Interestingly there are also two windfarms in Devon- so far a county which has resisted wind projects. But both are small. One is a 1 MW scheme at Tiverton, on the Somerset border. The other, backed by Atlantic Energy, is only 761 kW and falls in the small wind subsection of the NFFO. It is at Bradworthy on the border with Cornwall. There are 16 other projects in the small wind category, including one for 94kW at the Earth Centre in Yorkshire (see Renew 106), three from the Wind Company in Yorkshire, and six from Econet Ltd in Norfolk and Suffolk.
There are seven new projects based on energy crops, using wood chip gasification/pyrolysis and gas turbines, including one rated at 6MW in Northumbia from Ecogen and three from Northern Electric Generation Ltd (two 10MW projects and one 6MW project). Incetec Ltd has a 20MW project in Cumbria and Emisary Ltd has a 15MW project in Powys.

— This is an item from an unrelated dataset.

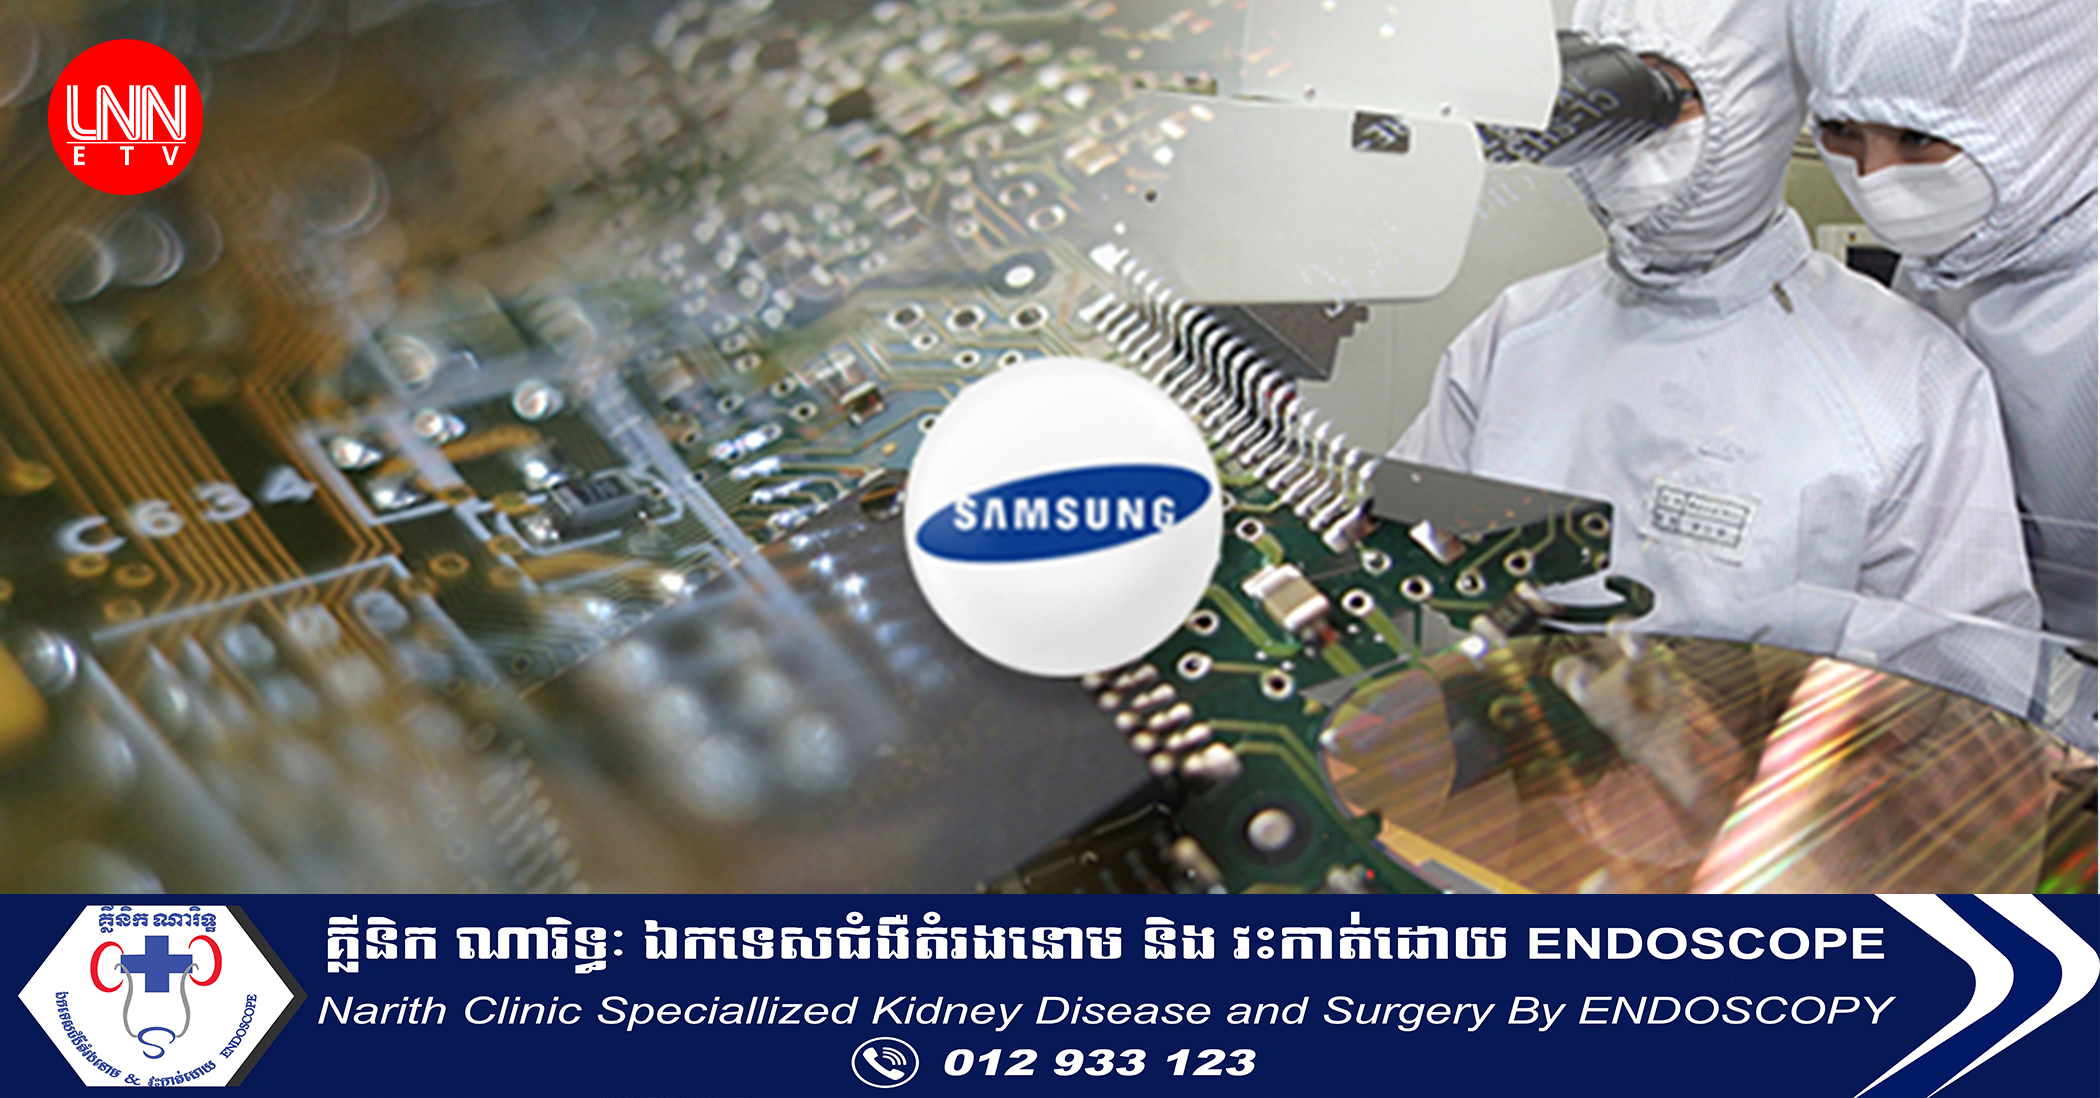 Samsung គ្រោងផលិតបន្ទះឈីបចល័ត 2-nm នៅឆ្នាំ ២០២៥ខាងមុខនេះ

Announcing the detailed project allocations, Richard Page, then a DTI energy minister, commented:
"The NFFO4 Order is a major step forward for greener energy supplies. I congratulate the renewables electricity industry on moving within striking distance of the market price for electricity generated by conventional means. The average price they have achieved for these 195 projects is 3.46 pence per kilowatt hour, almost one penny better than the 4.35 pence achieved in the previous round, NFFO3. It means that our aim of bringing about convergence with real market prices is clearly now within reach.
Our strategy to develop renewables-based technologies will help to secure diversity of energy supplies and an internationally competitive industry. I expect this to pave the way for people to buy 'green' electricity produced from sustainable forms of energy with all the environmental benefits this brings.
Successful generators will now need to obtain planning permission in the normal way for their projects if they have not already done so. I expect generators to develop their projects with care and sensitivity and so ensure the long-term prosperity of their industry."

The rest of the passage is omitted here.